**Your instructions:**
Retype the line with "Zoo York Youth" exactly. Then retype every line after it through the end of the entries below, and nothing more, leaving out pictures.

**Records for the exercise:**
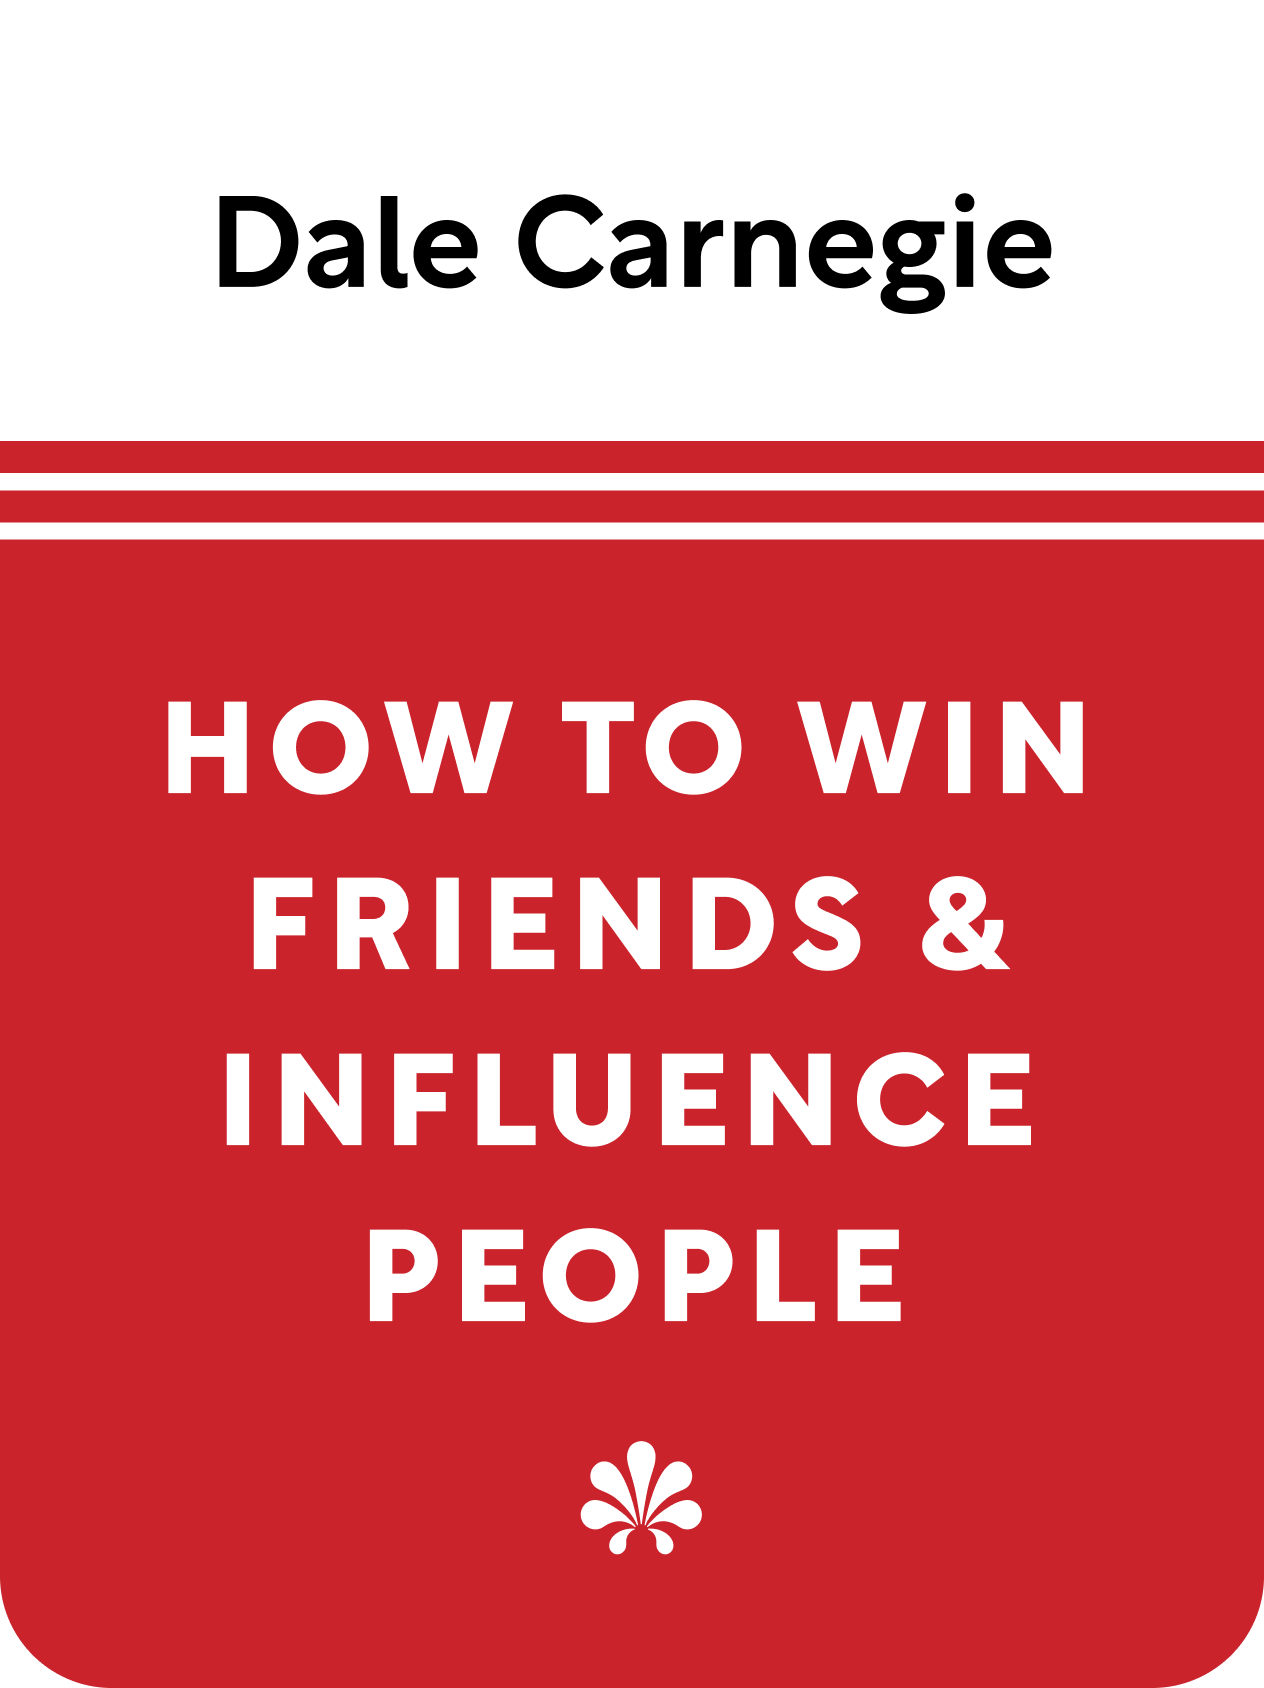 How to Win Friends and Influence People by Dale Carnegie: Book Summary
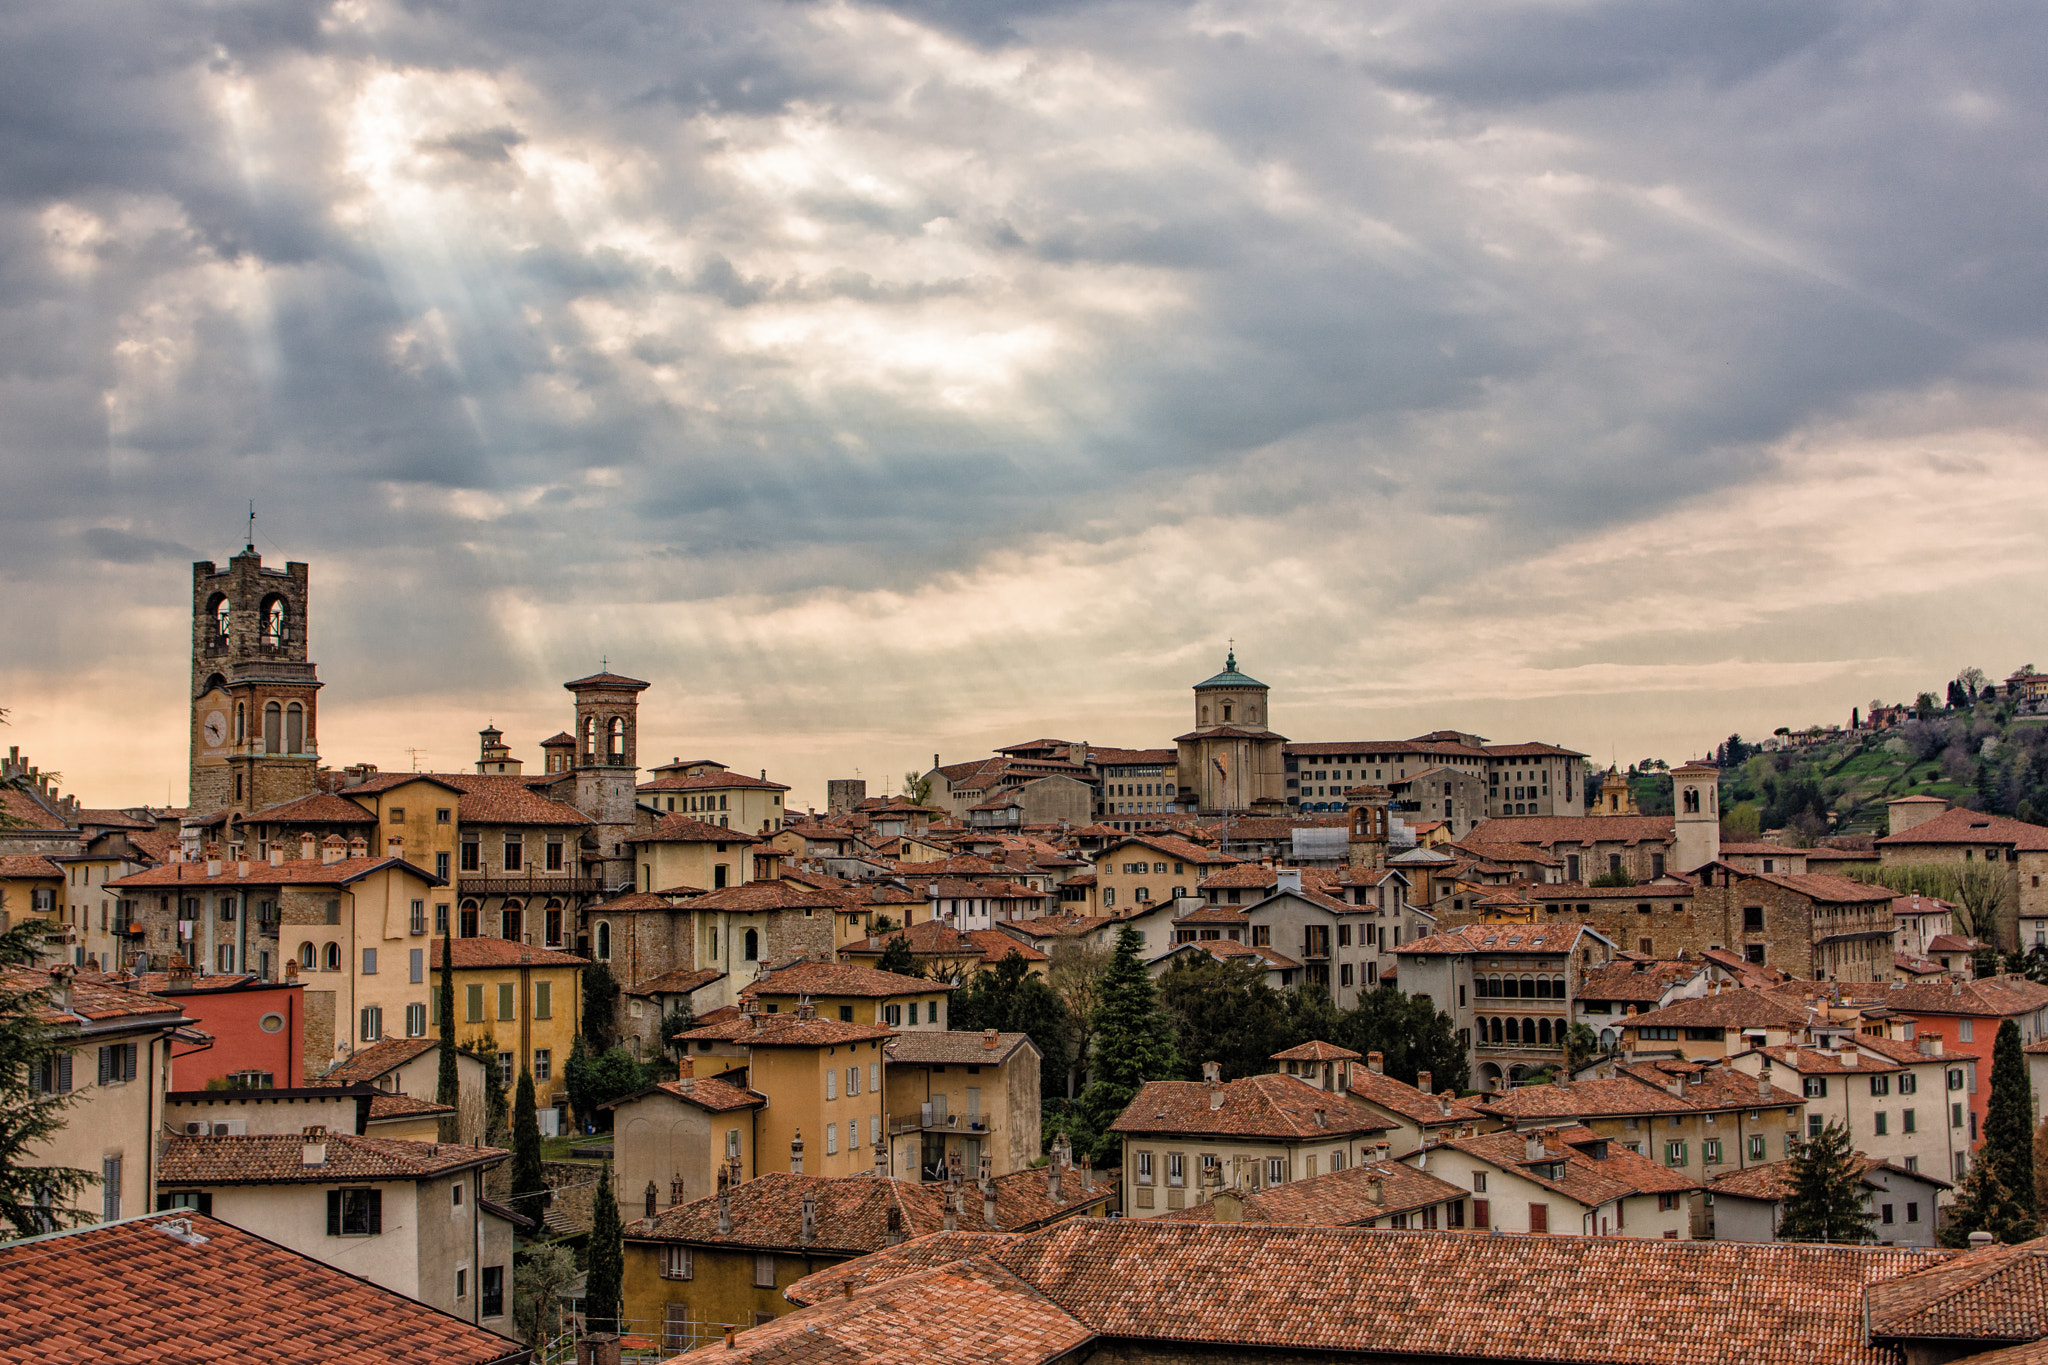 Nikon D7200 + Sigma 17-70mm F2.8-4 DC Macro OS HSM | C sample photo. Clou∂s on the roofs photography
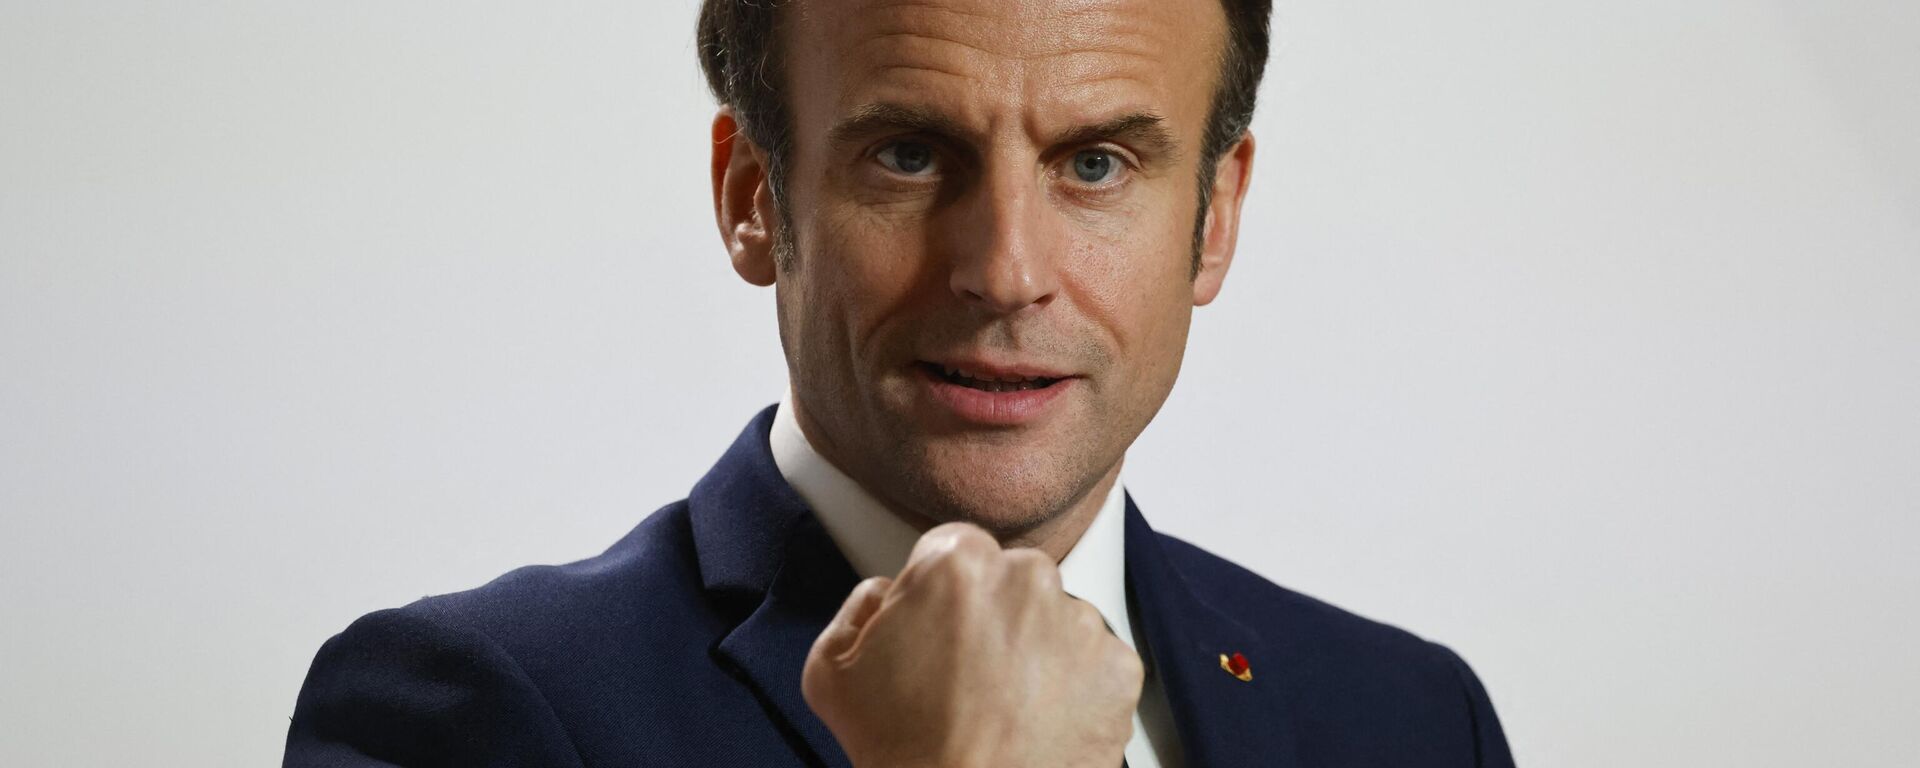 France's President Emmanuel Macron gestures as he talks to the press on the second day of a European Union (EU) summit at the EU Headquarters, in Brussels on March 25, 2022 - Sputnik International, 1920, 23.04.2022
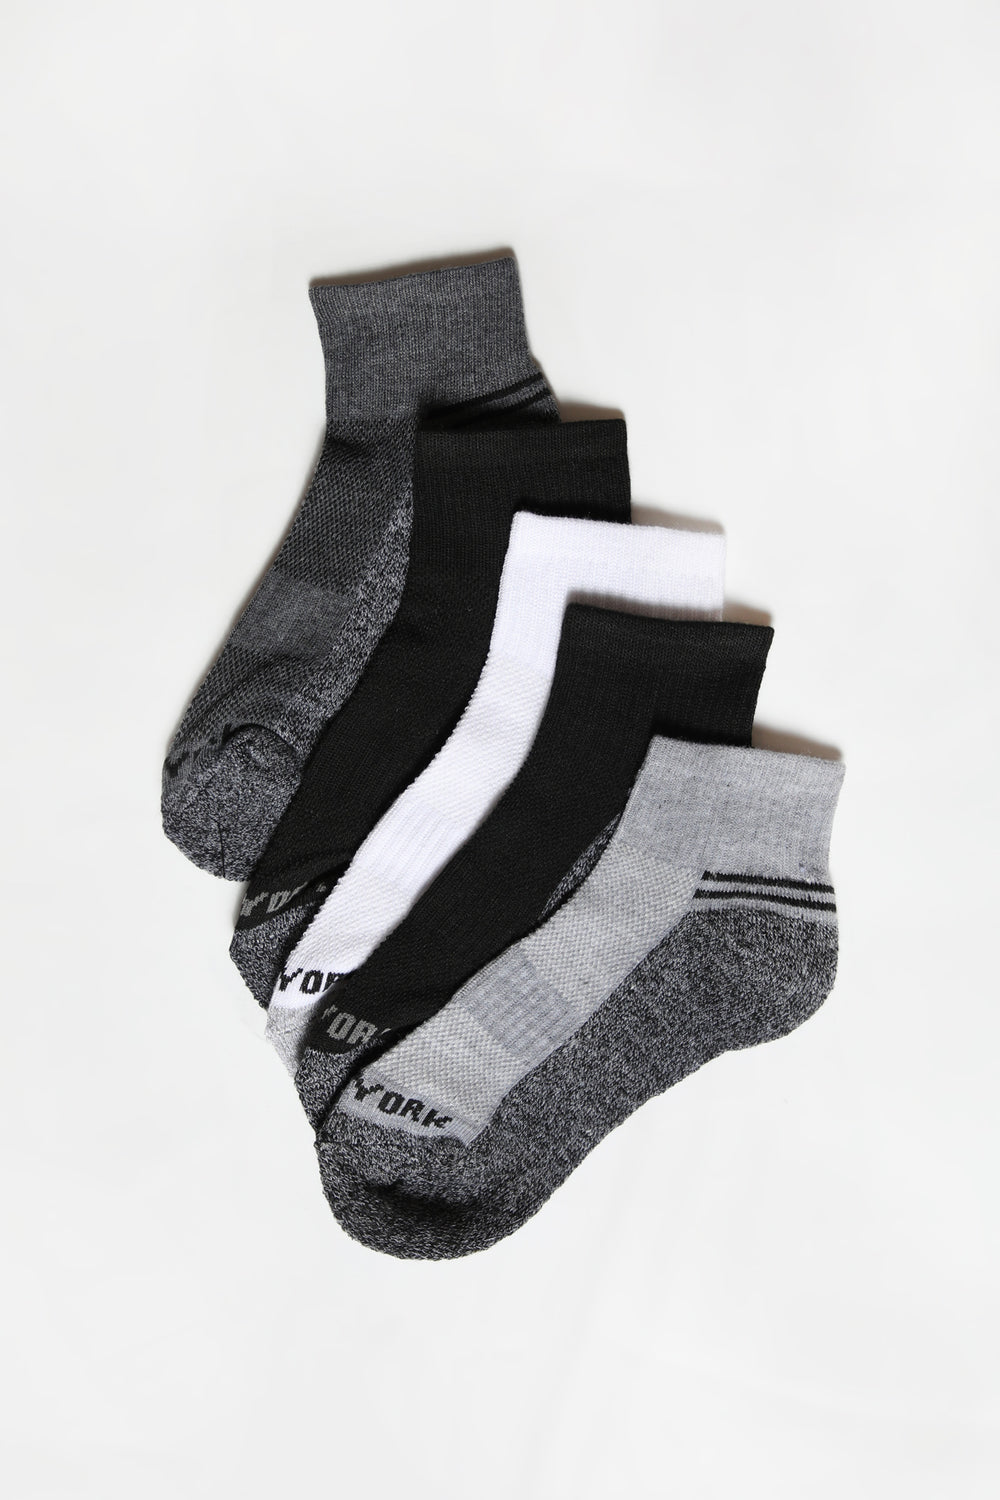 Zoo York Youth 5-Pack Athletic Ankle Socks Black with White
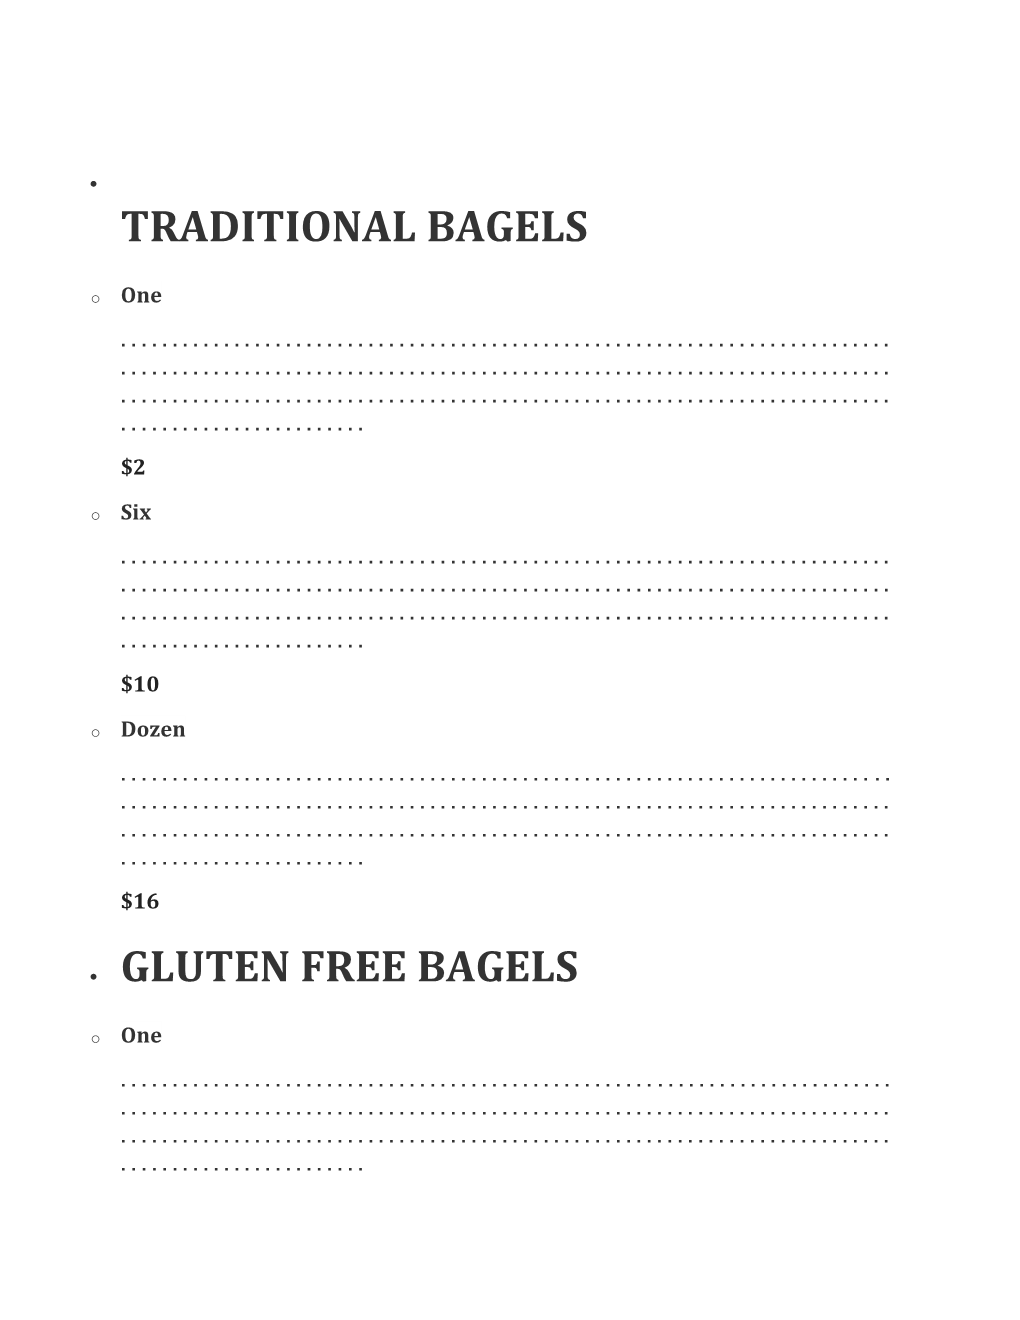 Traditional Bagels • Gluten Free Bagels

**Answer below:**
 Zoo York Youth 5-Pack Athletic Ankle Socks Black with White
 Traditional Bagels • Gluten Free Bagels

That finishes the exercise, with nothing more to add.